Each of these shifts does not merely add to the existing workload. It restructures it. The IT team that was expertly managing on-premise Perforce servers in 2018 may now need to architect hybrid cloud-edge solutions for globally distributed teams. The mobile studio IT team that once maintained a handful of Mac Minis for iOS builds may now be managing a fleet of Apple Silicon build agents, Android signing infrastructure across multiple keystores, and automated submission pipelines to both app stores simultaneously.

This is not incremental change. It is periodic reinvention.

The Knowledge Gap: Helpdesk Fundamentals Are Not Enough

There is nothing wrong with strong helpdesk skills. Provisioning accounts, imaging machines, managing device inventories, and handling break-fix tickets are all necessary functions. They are the foundation. But in a game studio, they are only the foundation.

The challenge is that many studios, particularly smaller or mid-sized ones, hire IT staff with generalist backgrounds and expect them to operate in an environment that demands specialist knowledge.
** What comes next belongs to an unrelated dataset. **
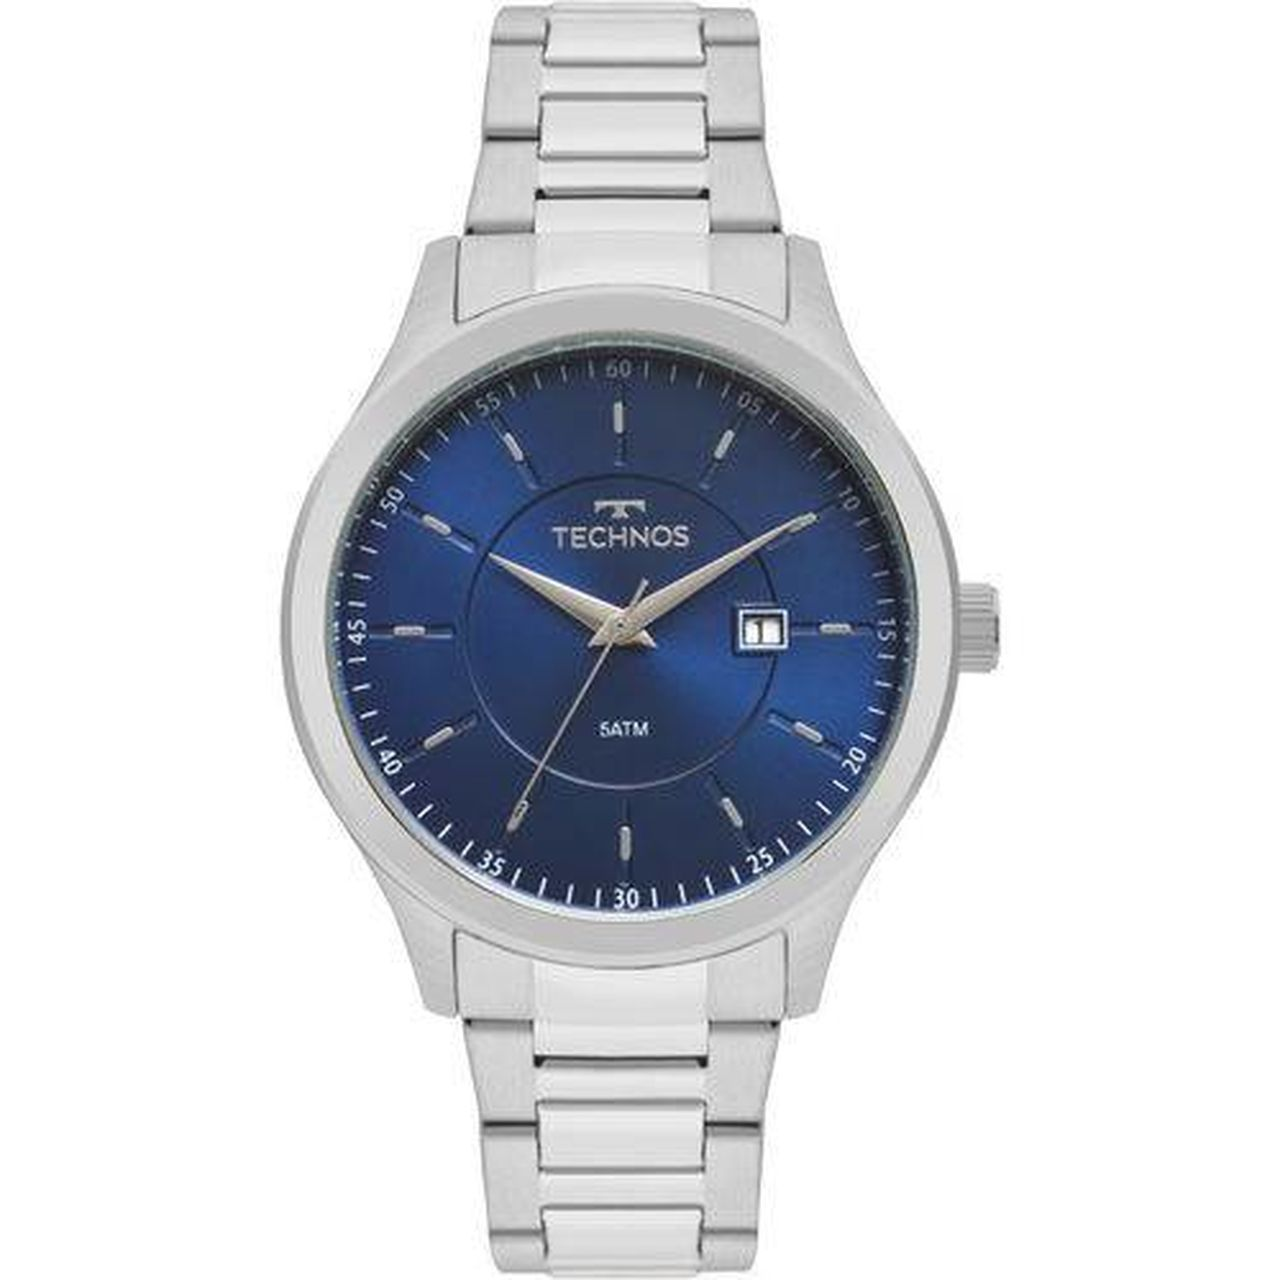 Relógio Technos Classic Steel Masculino 2115mpr1/a Prateado Com Fundo Azul
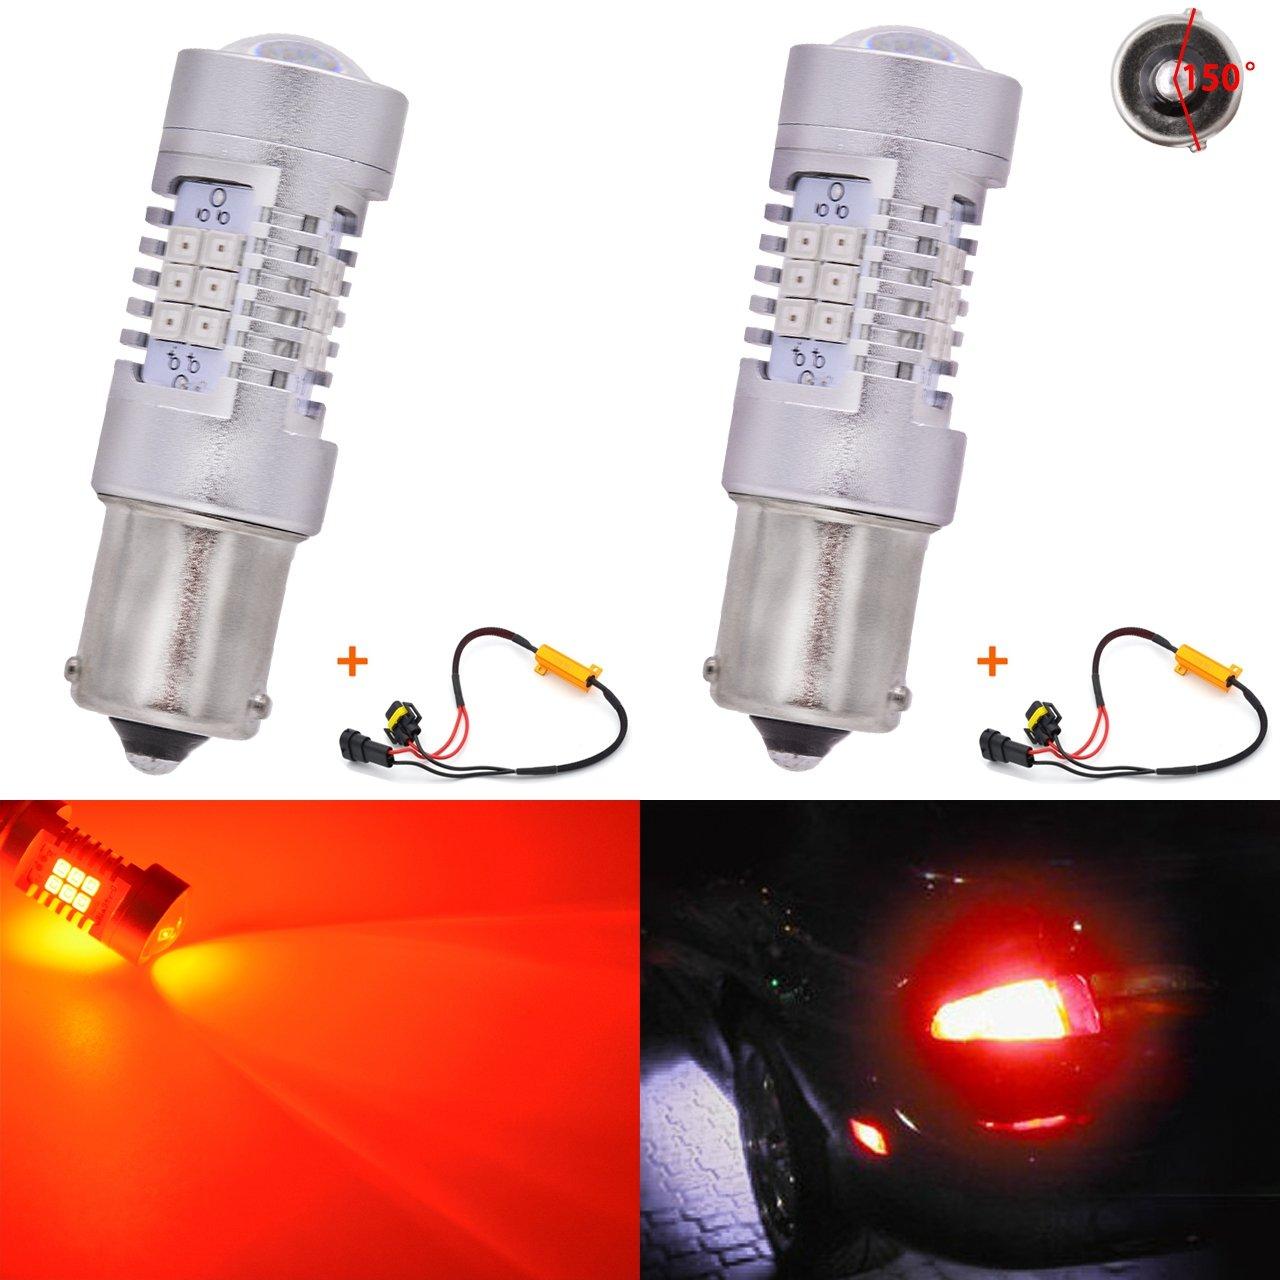 KaTur H8 H9 H11 LED Fog Light Bulbs Max 80W High Power Super Bright 2000 Lumens 3000K Amber with Projector for Driving Daytime Running Lights DRL or Fog Lights,12V Pack of 2 24V

This is especially common in mobile studios, where the early-stage team is small enough that IT responsibilities are shared informally or handled by a single person wearing multiple hats. The result is a persistent knowledge gap that only becomes visible when it is already causing damage.

An IT administrator in a game studio needs to understand, at minimum:

  1. Version control at scale. Perforce is the industry standard for large binary assets in console and PC development. Mobile studios often start with Git or Git LFS, which works adequately for a single small project but begins to strain under the weight of multiple concurrent titles with large asset repositories. Understanding when and how to migrate, or how to manage branching strategies across several live projects sharing common frameworks, is critical knowledge that a generalist background does not provide.
  2. Build infrastructure. Whether it is Jenkins, TeamCity, Unreal's BuildGraph, Fastlane for mobile, or a custom system, IT must understand how builds are compiled, distributed, and validated. In mobile studios, build infrastructure carries additional complexity: iOS builds require macOS hardware, Android builds require managing SDK versions and NDK configurations, and both platforms demand code signing workflows that are fragile and poorly documented. A build engineer and an IT administrator in this industry share a significant overlap in responsibilities.
  3. Workstation specifications and GPU workflows. Artists, programmers, and technical artists have workstation requirements that are fundamentally different from a standard corporate environment. Mobile studios may underestimate this, assuming that because the target device is a phone, the development hardware can be modest. This is a misconception. Authoring content for mobile still demands capable workstations, and the testing matrix of physical devices that IT must procure, manage, charge, update, and distribute across QA teams is a logistical challenge unto itself.
  4. Network architecture for high-throughput environments. The volume of data moving through a studio's network including asset syncs, build distribution, render output, and telemetry streams, dwarfs typical enterprise traffic. Network design must account for this or production suffers.
  5. Platform-specific compliance and security. Console development requires adherence to strict NDAs and security requirements from platform holders like Sony, Microsoft, and Nintendo. Mobile development carries its own compliance burden: App Store review guidelines that change without warning, Google Play policy updates that can pull a live game from the store, privacy regulations that affect SDK integration, and the constant management of provisioning profiles, certificates, and entitlements that silently expire and break builds at the worst possible moment. IT must understand these requirements at a level that goes well beyond standard corporate policy.
  6. Confidentiality, as we see it. Beyond platform holders, studios also manage NDA and confidentiality obligations with middleware providers, outsourcing partners, and service vendors. An IT team must understand which tools and environments are subject to these agreements, and ensure that access provisioning, data handling, and network segmentation reflect those contractual boundaries. A vendor NDA breach caused by misconfigured access is not a hypothetical. It is a career-ending event for the people responsible.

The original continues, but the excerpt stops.